Fafner, el Dragón Rojo: cuando Julio Cortázar se enamoró de una Kombi
"La poesía, como siempre, se mostró puntual." — Julio Cortázar
Hay personas que ven un vehículo. Y hay personas que ven un alma.
Julio Cortázar pertenecía al segundo grupo.
El primer encuentro
Fue en París, subiendo la Rue Cabrone. La traían fresquita de un garage — una Kombi VW roja, recién llegada al mundo. Cortázar la vio de frente y algo hizo clic en su cabeza de escritor loco y lúcido.
No era un auto. Era un dragón.
No cualquier dragón — Fafner, el guardián del tesoro de los Nibelungos. Grande, roja, con ojos bajos y encendidos, un aire entre retobado y entrador. El mismo impulso que siempre lo llevó a defender a los que el orden establecido llama monstruos.
En dos o tres horas ya eran amigos.

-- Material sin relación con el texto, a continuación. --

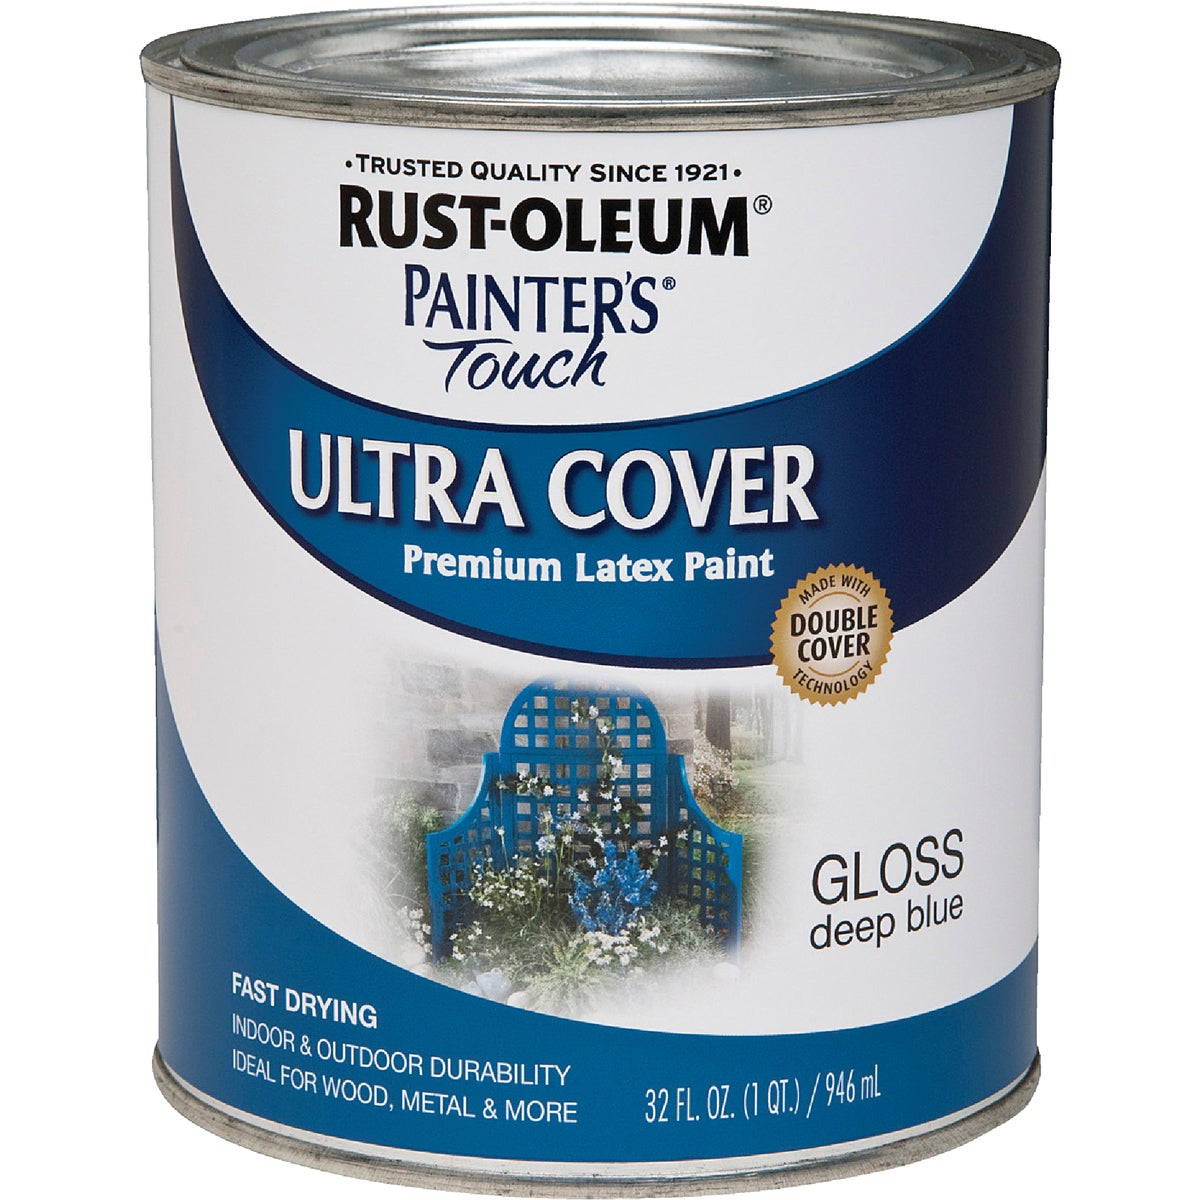 Rust-Oleum Painter's Touch 2X Ultra Cover Premium Latex Paint, Deep Blue, 1 Qt.

Le dijo claramente que para él dejaba de llamarse Volkswagen. Y cuando fue al garage a instalarle la placa definitiva y vio al mecánico pegándole una F en la cola — F de Francia, claro, no de Fafner — el Dragón lo supo. Y de vuelta demostró su alegría subiéndose parcialmente a la acera, con particular espanto de una señora cargada de hortalizas.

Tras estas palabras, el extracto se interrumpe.